Not then, though. She realised nothing but shapes and terror. A shadow fell on her as she collapsed, finally, to her knees and she whimpered; Malise had caught her. She looked up, squinting into the twilight and, with that part of her brain not screaming, she realised there was a splinter in her knee and that she was halfway across the brig.

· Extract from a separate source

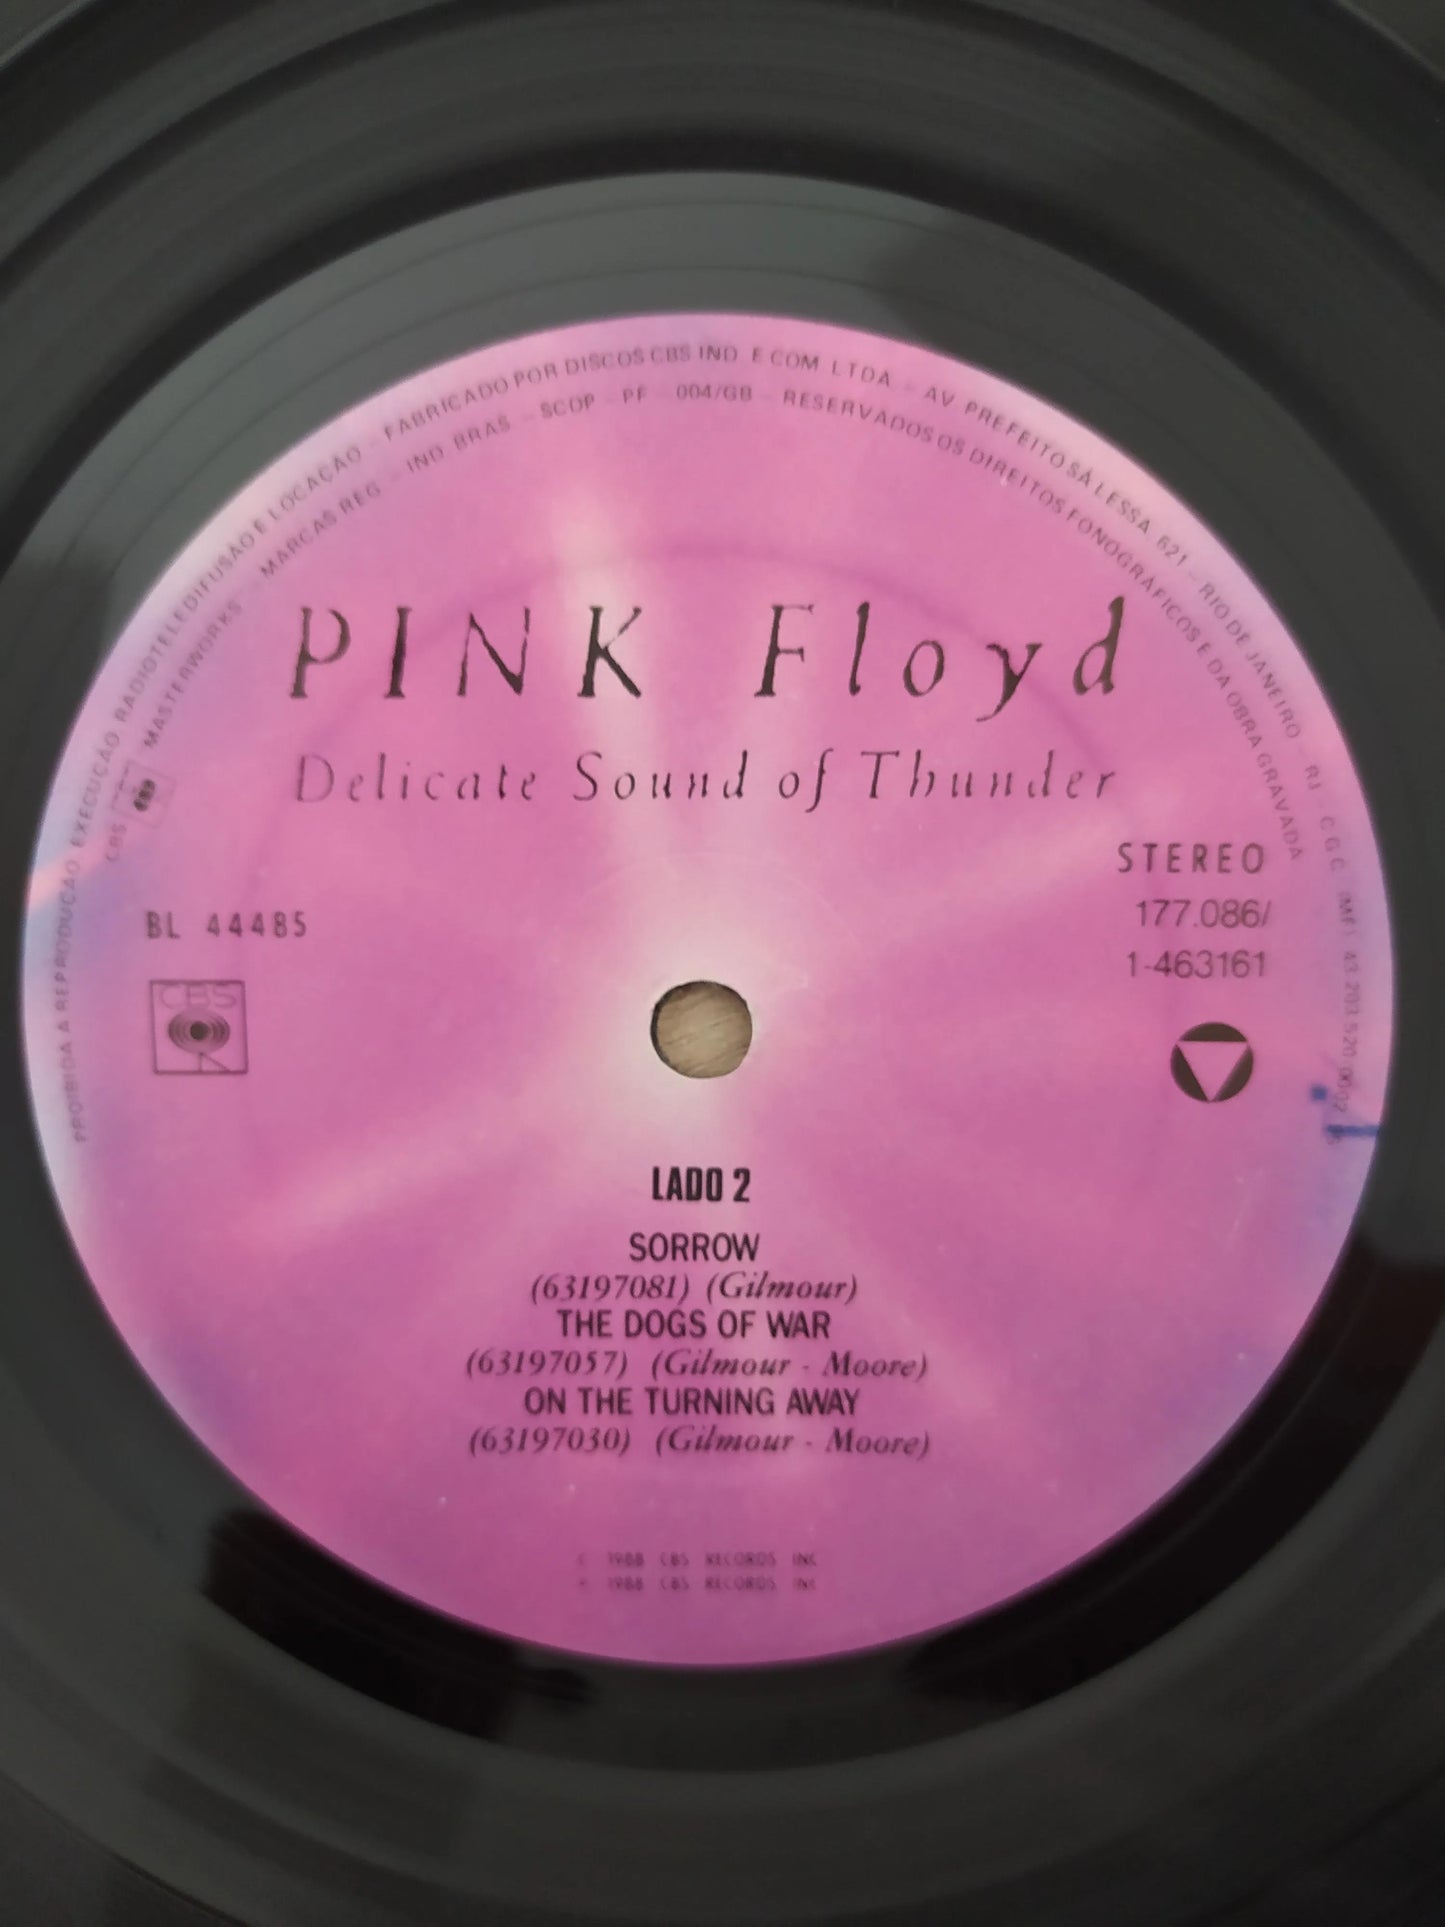 Lp Vinil Pink Floyd Delicate Sound Thunder Duplo C Encartes

‘You hag,’ said a voice out of the great black shape, a snorting Beelzebub whose cloven hooves stamped on the splintered planks. ‘There is no plunder on this side of the bridge, only death.’
Behind him, she saw the flames of hell leap up. Not Malise at all, but the Devil …
‘Mercy,’ she sobbed. ‘Have mercy on a poor sinner.’
She said it in French and the black shape paused, then leaned down. A strong arm grasped her own, hauling her upright. A face, sharp, black-bearded and weighing, thrust itself into her blurred vision, studied her for a long, curious moment, then turned his horse, so that she was hauled after him in a grip of iron.
‘Move if you want to live,’ the demon answered and she careered after him, shackled to his hand while the flames gibbered and danced, only vaguely wondering, in that small peach pit of sense left to her, why the Devil spoke French.
Chapter Eight
Balantrodoch, Templar Commanderie
Feast of St Andrew Protoclet, November 1297
Death came soft and gentle, yet harsh as haar, on the snow’s back. The news of it filtered down like the sifting flakes and crushed everyone with the chill of it.
The Hardy was dead in the Tower. The Auld Templar’s son was dead in the Tower. It was clear that the English Justinian, even though he was now in Flanders, had a long and petulant reach.
Worse still, the Auld Sire of Herdmanston was dead in Hexham Priory. Of his wounds, the messenger from Roslin said, but Hal knew better – his father, he was sure, had died of having been taken for ransom, at the realisation that he had fought bravely but with little skill and no strength, for age had robbed him of both.
He died from the knowledge that he had ruined Herdmanston, too, for the ransom would beggar the place and that, more than anything, Hal knew, had broken the life from the Auld Sire, like marrow from a snapped bone. The last thing Sir John could do to rescue the situation and all those who depended on him was to die.
And all because he had jumped off the fence, straight into the mire of a war where no-one was sure of his own neighbour. At the behest of the Auld Templar, too, which was worse still, for Hal was twice robbed of folk he held in high regard.